Fragmente, oder die Kunst zu sterben. - Teil 1

Es war ein windiger und nicht allzu heller Spätnachmittag, es nieselte und in der Luft hing diese klebrige Atmosphäre, die sich nicht entscheiden kann ob es nun kälter und nasser wird oder die Sonne den Asphalt wieder trocknen würde. Victor saß auf einer Parkbank, seit Stunden schon und spürte das Ende nahen. Er wusste nicht genau wann oder wie, er wusste nur eines: bald. Viel zu bald.

Er hatte die letzten Jahre damit zugebracht, die wackelige Antwort auf den Sinn seines Hierseins zu untermauern und nun saß er hier. Auf einer verwitterten Parkbank, draußen im noch nicht einmal regen an einem Donnerstagnachmittag. “Irgendwie unbefriedigend”, dachte er sich. “Den ganzen Weg bis hier her und hier sitze ich nun, spüre das Ende schon und habe der Welt nichts mehr mitzuteilen, weil es nichts ändern würde.”

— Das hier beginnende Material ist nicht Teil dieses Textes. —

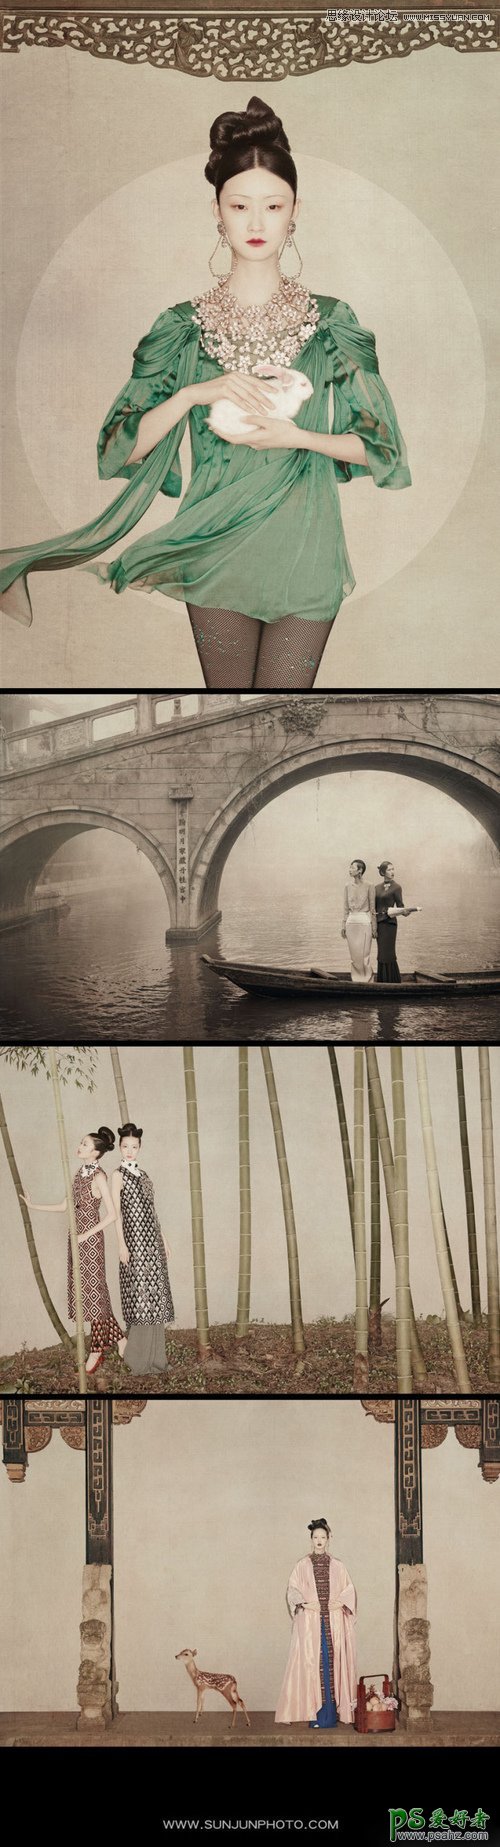 PS人像后期教程：给漂亮的室内美女人物照片制作出中国风唯美效果
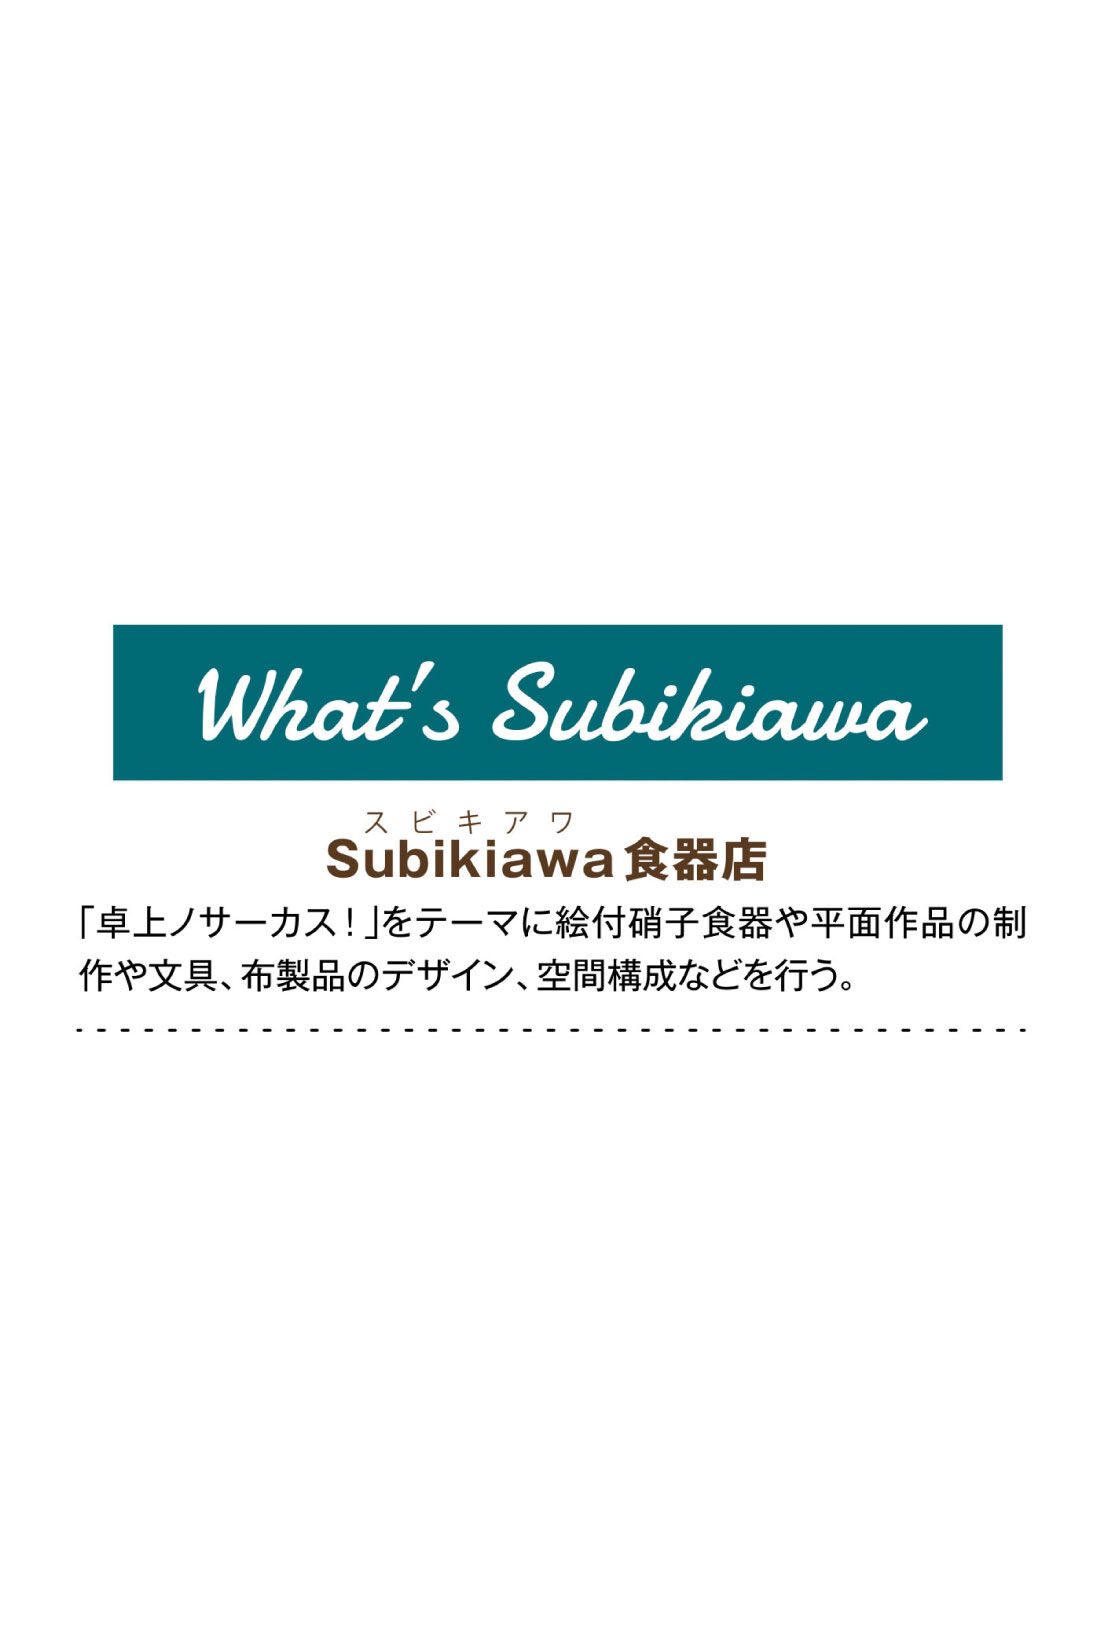 フェリシモMama|Subikiawa食器店さんとつくった クリームソーダ柄の浴衣（ゆかた）

So saß er da eine ganze Weile und schaute wie an ihm Menschen vorbeigingen, alle in ihren eigenen Gedankenwelten, Sorgenuniversen und Leidzyklen gefangen. Jeder einzelne ein Ozean der Trauer mit einem Mitgefühlsverbrauch wie diese miesen Fernsehshows die versuchen einem ein schlechtes Gewissen zu bereiten weil man als anerkannte Couch-Potato nicht genug für Landminenräumung in Laos spendet und unbekannte Tier- und Menscharten im Minutentakt gleich dutzendweise vor die Hunde gehen.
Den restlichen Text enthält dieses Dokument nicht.